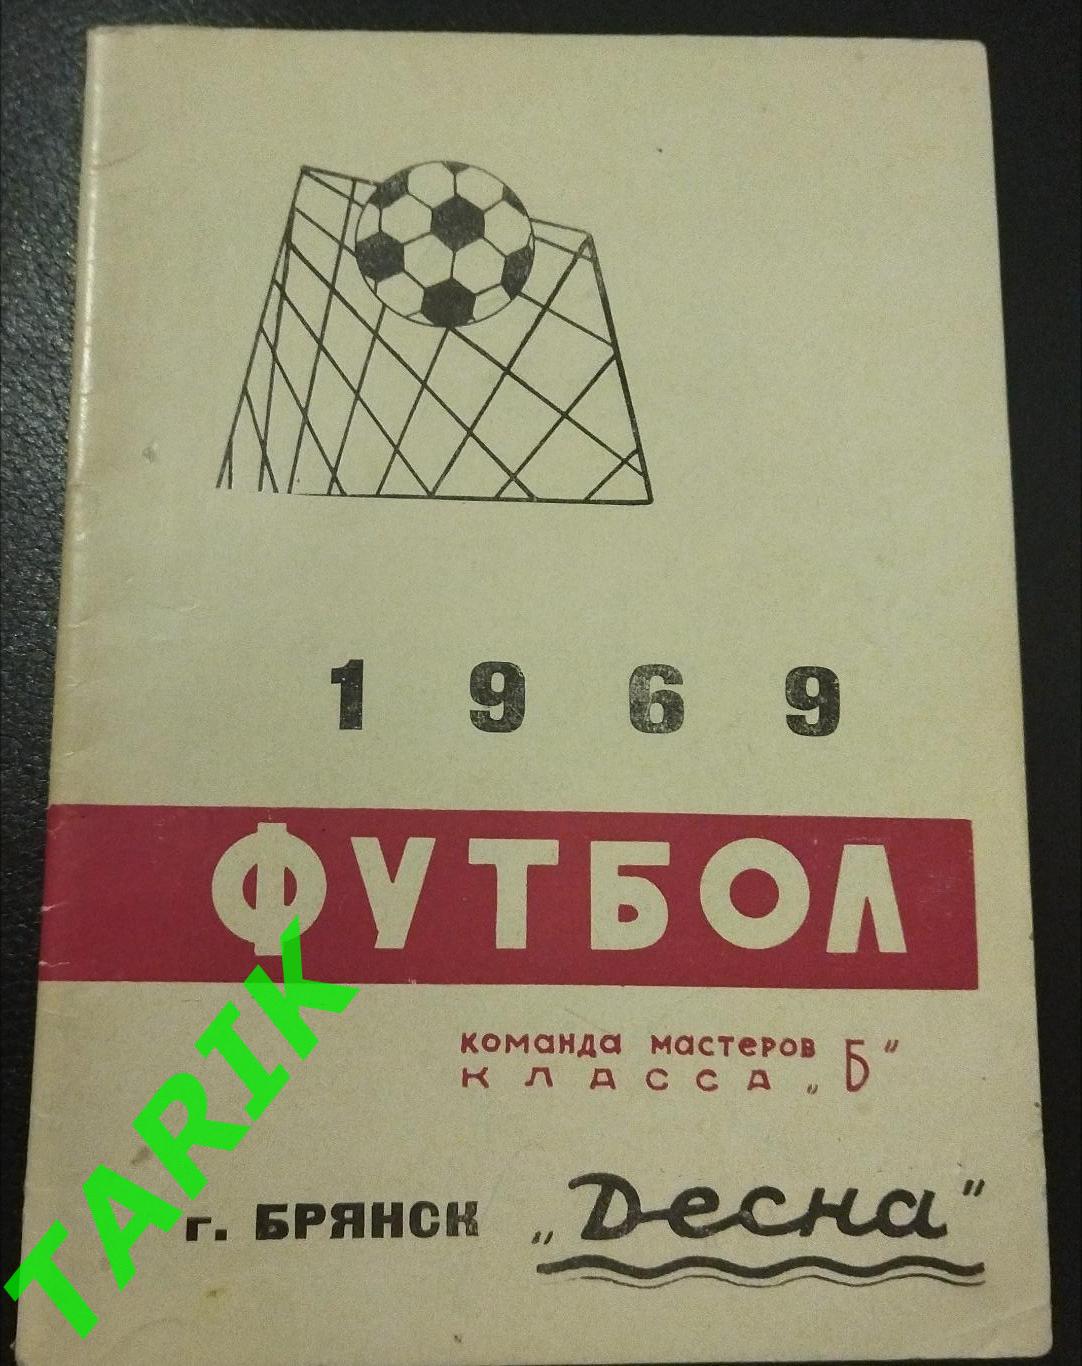 К/с -Десна Брянск 1969
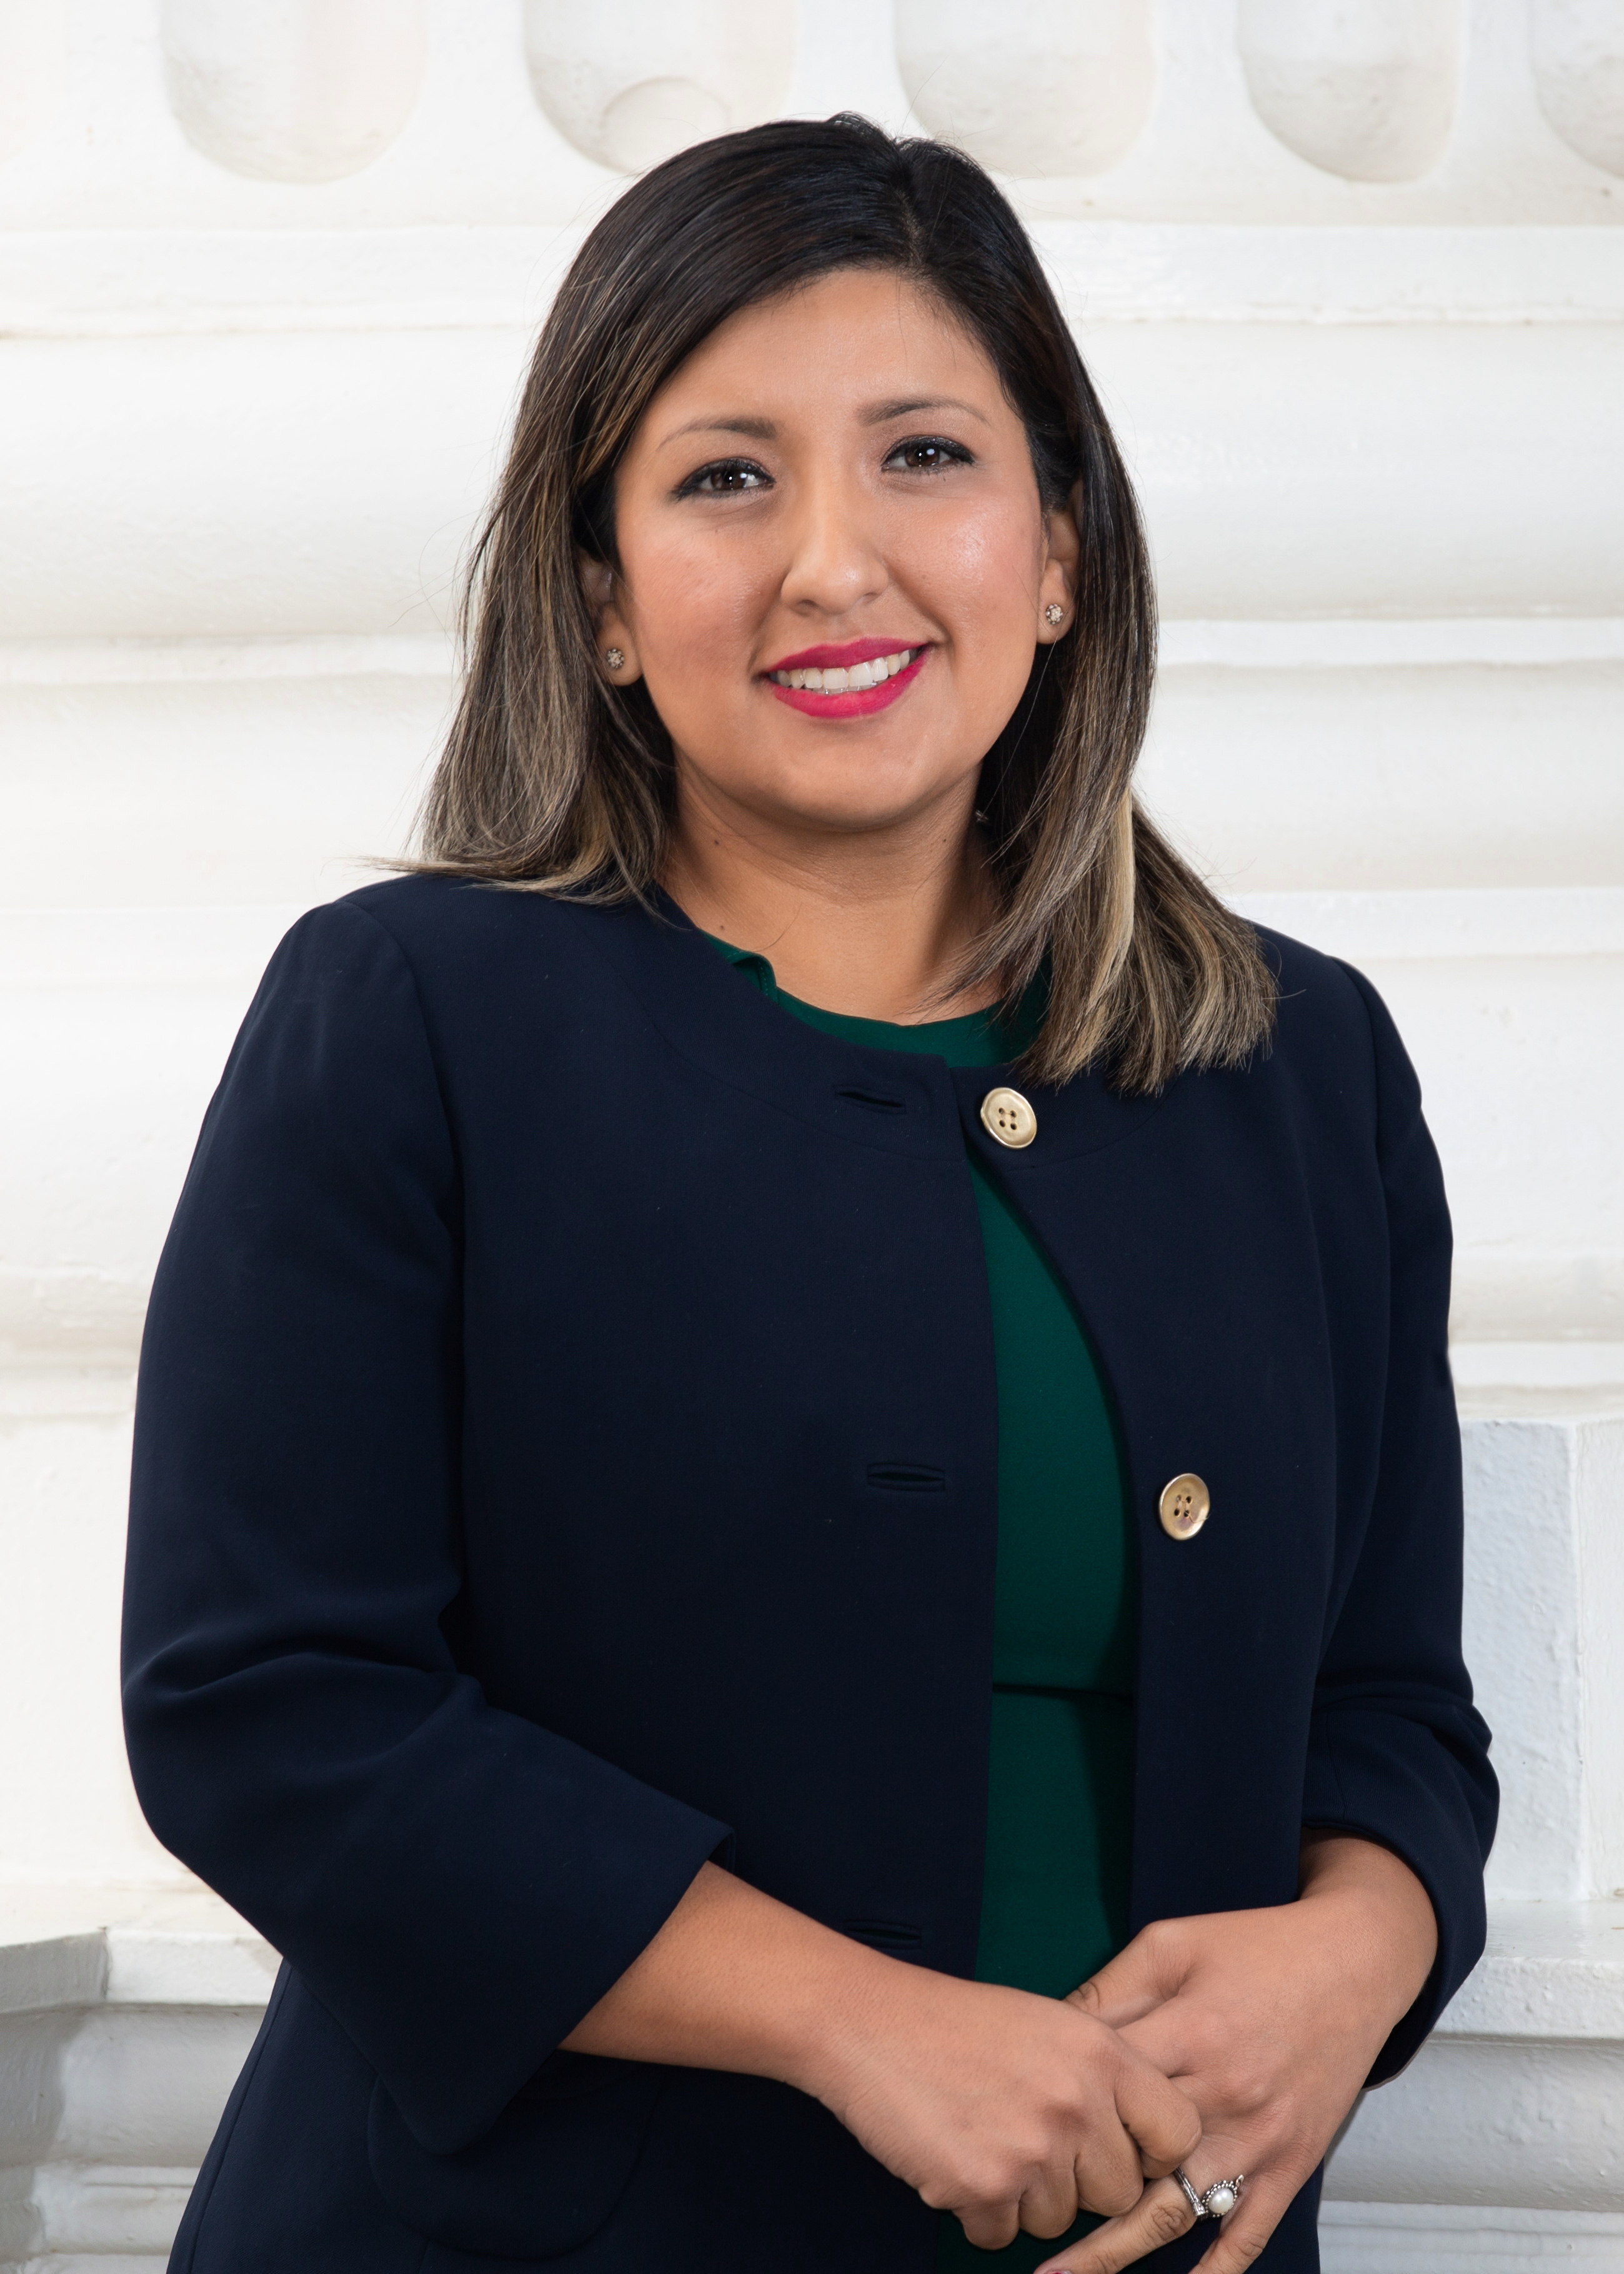 Senator Melissa Hurtado
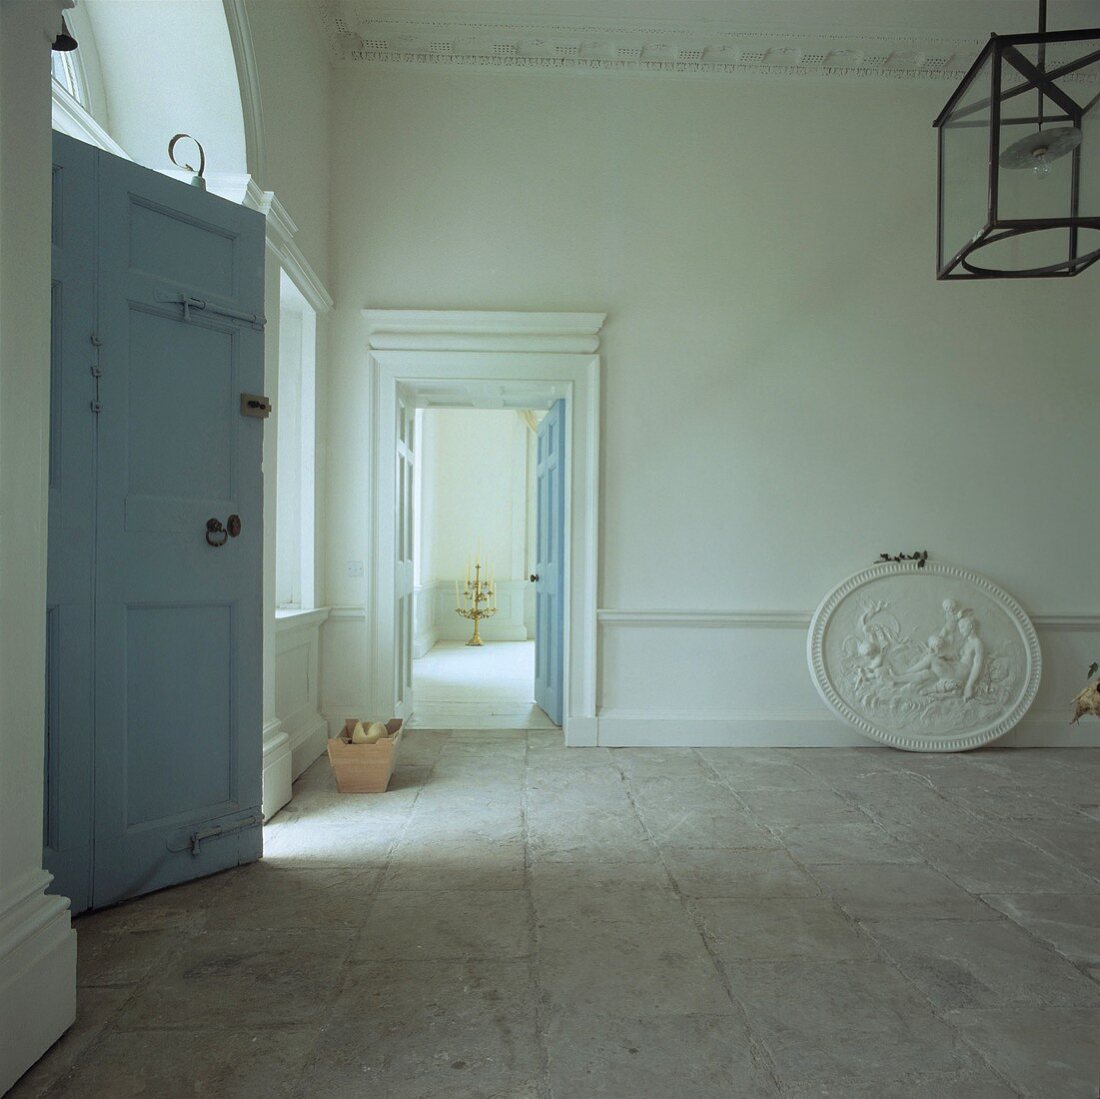 Ovales Gipsrelief auf hellem Natursteinboden in grossem georgianischen Saal mit pastellblauen Türen
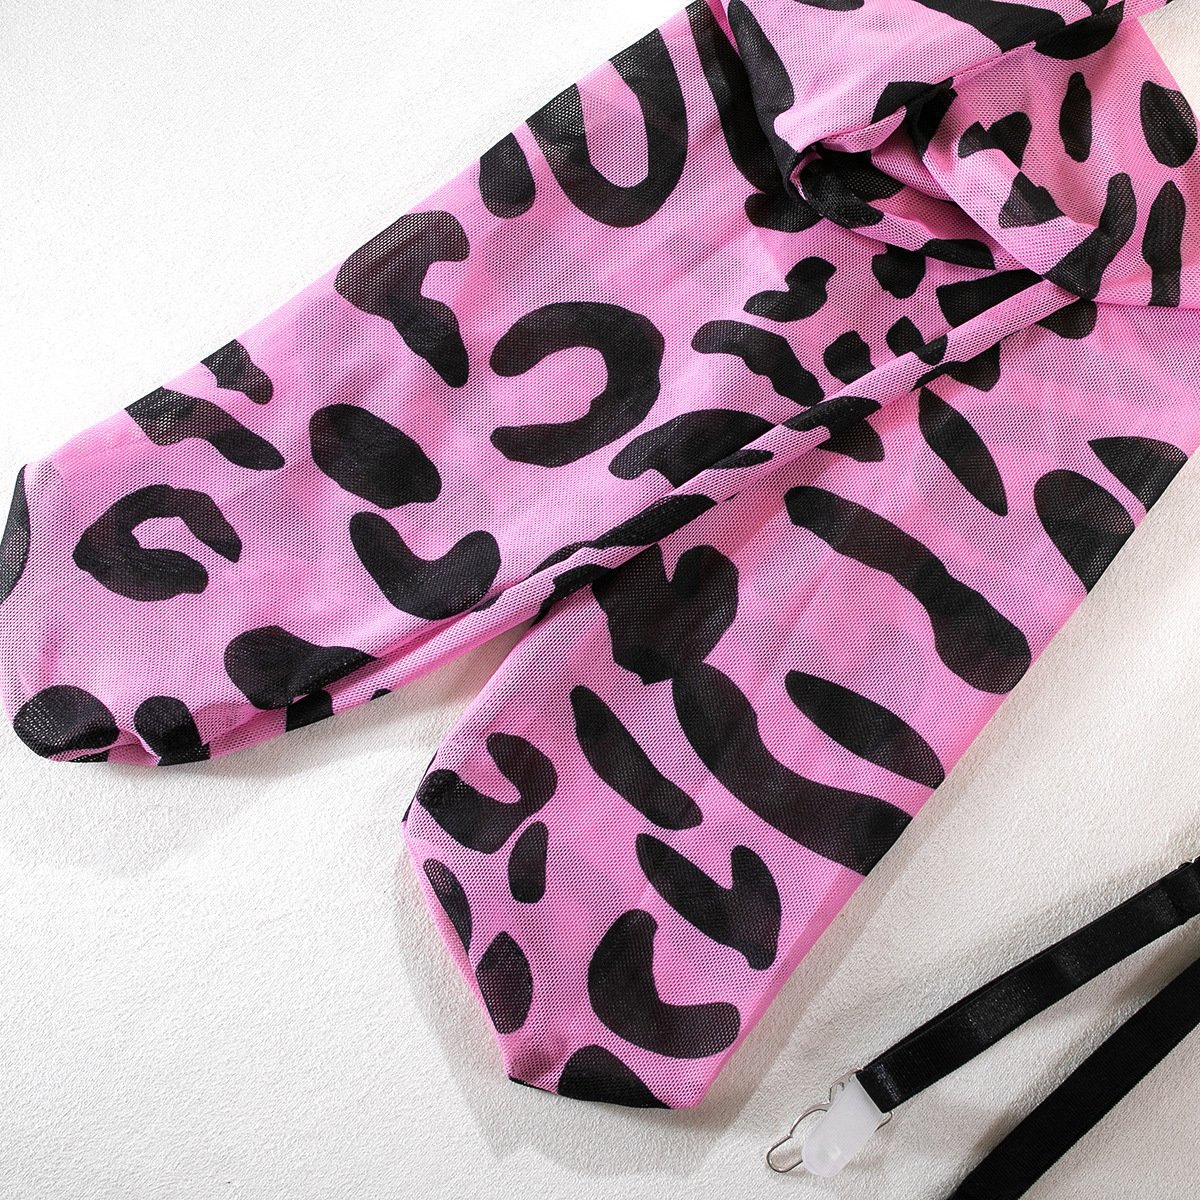 Leopard print gloves sheer mesh garter lingerie set

■ ■ ■ ■ ■

● **Exercise aim**: Apart from its pictures, the data is to be repeated exactly.

● **Solution for this exercise**:
 К/с -Десна Брянск 1969
 Senator Melissa Hurtado
 Ovales Gipsrelief auf hellem Natursteinboden in grossem georgianischen Saal mit pastellblauen Türen
 Leopard print gloves sheer mesh garter lingerie set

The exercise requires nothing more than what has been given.